Процесс высвобождения нравственных сил народа, направленный по верному руслу решениями двух партийных съездов, сразу благотворно сказался во всех областях нашей жизни. Словно вырвались наружу огромные запасы творческой энергии, не получавшей раньше естественного выхода. Люди словно пробудились после долгого оцепенения и заново открыли для себя все богатство своей эмоциональной природы, своих гражданских возможностей.

Нет ничего удивительного, что на эти перемены с такой внутренней готовностью откликнулась в искусстве молодежь. Вопреки постоянным разговорам о житейской неопытности молодых, в частности молодых поэтов, оказалось, что они очень чутко улавливают идейную, политическую и психологическую атмосферу современности и радостно впитывают в себя новые общественные веяния. Их рождение, как художников, совпало с возрождением ленинских норм и демократических принципов социального поведения. Отсюда – их задор, решительность, жажда новизны, смелость поисков и широта интересов. Отсюда же их презрение к ханжеству и лицемерию во всех его видах.

Так они сразу оказались в центре внимания и продолжают целыми шеренгами входить в литературу. Они начинают там, где застали жизнь, и идут дальше, вперед, стараясь уже на ходу разобраться в том, что было до них. Перед ними не возникают как самостоятельные проблемы прощание с прошлым, переоценка былого. Но борьба с догматическим мышлением, с условностями, навыками и предрассудками, доставшимися нам в наследство от прежних времен, не случайно получила наиболее наглядное проявление в творчестве молодых.

Евгений Евтушенко с головой окунулся в эту борьбу. Когда в дни XX съезда партии появились его стихи «Лучшим из поколения», их можно было воспринять как обычную поэтическую декларацию, одну из тех, в которых не было недостатка ни раньше, ни потом. Но теперь, оглядываясь назад, следовало бы признать, что он имел право на такие строчки:

Возьмите меня в наступление, не упрекнете ни в чем. Лучшие из поколения, возьмите меня трубачом!

Начавшийся в стране процесс «разборки и расчистки» шел стремительно, в чем-то противоречиво, а иногда даже болезненно. И в лирике молодого поэта, взбудораженного переменами, не обошлось без крайностей, срывов, ошибок и неудач. Иногда поднявшаяся пыль застилала ему глаза, и он терял из виду горизонт.
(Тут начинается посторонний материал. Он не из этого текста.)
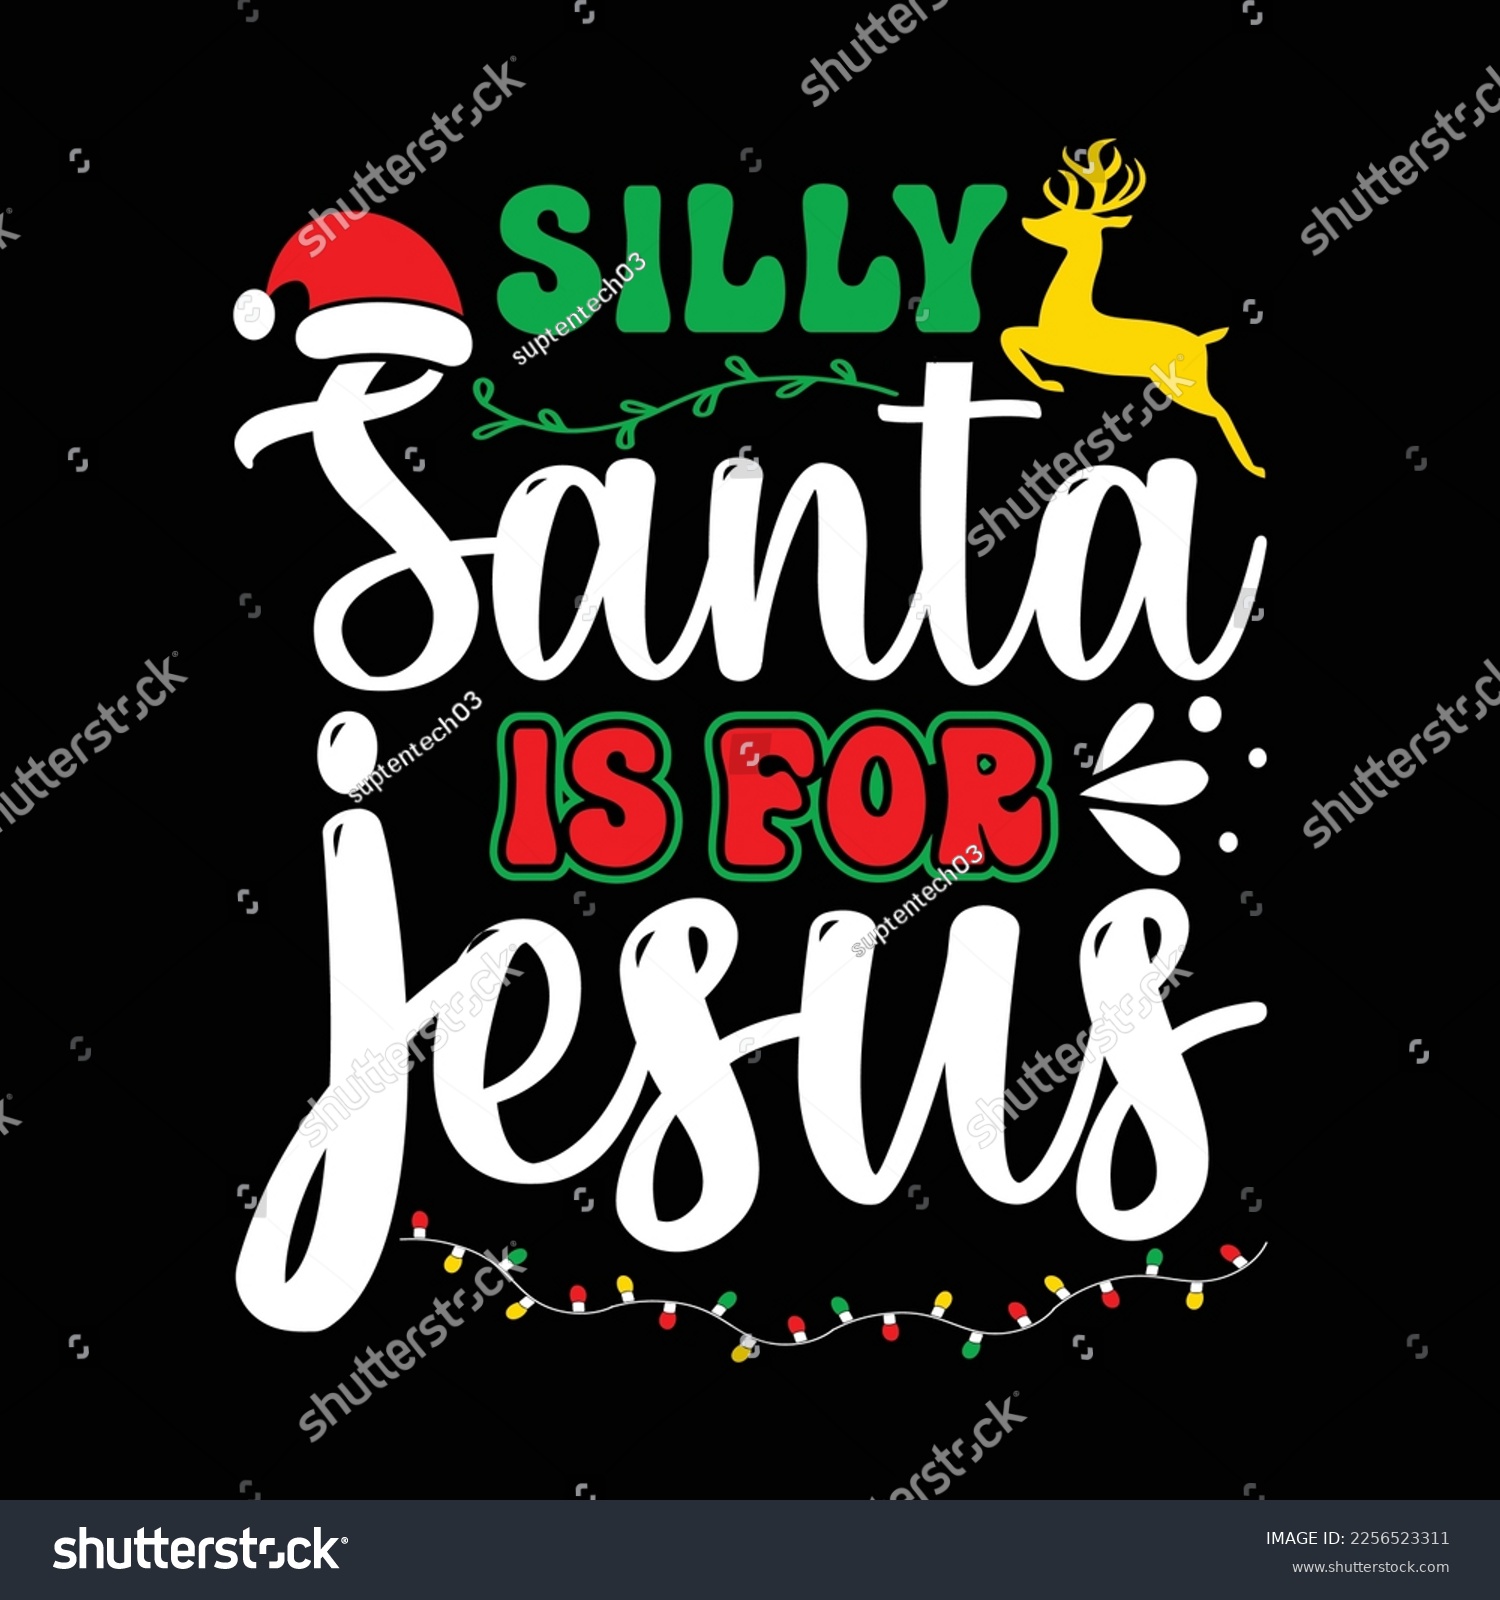 SVG of Silly Santa is for Jesus, Merry Christmas shirts Print Template, Xmas Ugly Snow Santa Clouse New Year Holiday Candy Santa Hat vector illustration for Christmas hand lettered svg

Но пусть даже его герой давал и сейчас еще может дать поводы для упреков, он действительно рожден духовным обновлением нашей жизни. Жажда выговориться, потребность встряхнуться после долгого оцепенения, радостная возможность проявить себя хозяином времени – таковы общественные настроения, воплотившиеся в лирическом герое Евтушенко.

И читатель сразу почувствовал это. Особенно молодежь, которая уже ощутила свое историческое предназначение и с жадностью искала в стихах новизну свойственных ей самой переживаний. Герой Евтушенко стал ее голосом, ее представителем в поэзии.

О мой ровесник! Друг мой верный! Моя судьба в твоей судьбе. Давай же будем откровенны и скажем правду о себе. Тревоги наши вместе сложим. Себе расскажем и другим, какими быть уже не можем, какими быть уже хотим.

Обновление форм нашего бытия за истекшее десятилетие имело всемирно-историческое значение. И не здесь ли секрет всемирной известности Евтушенко, при всем том, что противоречивость его творчества обязывает предъявить ему серьезные претензии.

«Поэзия и поза», «Позиция и поза», «Без четких позиций», «Талант, размениваемый на пустячки», «Поэтическое гусарство» – сколько таких статей написано о стихах Евтушенко! И в чем только его не обвиняли! И в камерности, и в крикливости, и в чириканье, и в нескромности, и в выспренности, и в легкомыслии…

Чтобы оценить по достоинству законность таких обвинений, давайте присмотримся к человеческому характеру, с которым познакомил нас поэт. Ведь при всем изобилии нелестных аттестаций, какими критика наградила лирического героя Евтушенко, никто не сказал о нем больше разоблачительной правды, чем он сам. Как бы соревнуясь со своими хулителями, герой Евтушенко всегда старался представить как можно больше «материала» из своего «личного дела», Он выкладывал его без утайки, со всей прямотой и чем-то даже смущающей нас откровенностью.

Почему же смущающей? Во все времена и у всех народов поэты тем и располагали к себе сердца современников, что без всякой оглядки выносили себя на суд людской. Со всеми своими делами и помыслами, идеалами и сомнениями. Они брались за перо и в минуты нравственного подъема и в минуты душевной слабости, и в дни удач и в дни поражений. Они жили в стихе всей полнотой своего существа, не боясь прослыть бодряками или нытиками, скучными, умудренными опытом праведниками, или, наоборот, растерянными перед тяжестью жизненных испытаний грешниками.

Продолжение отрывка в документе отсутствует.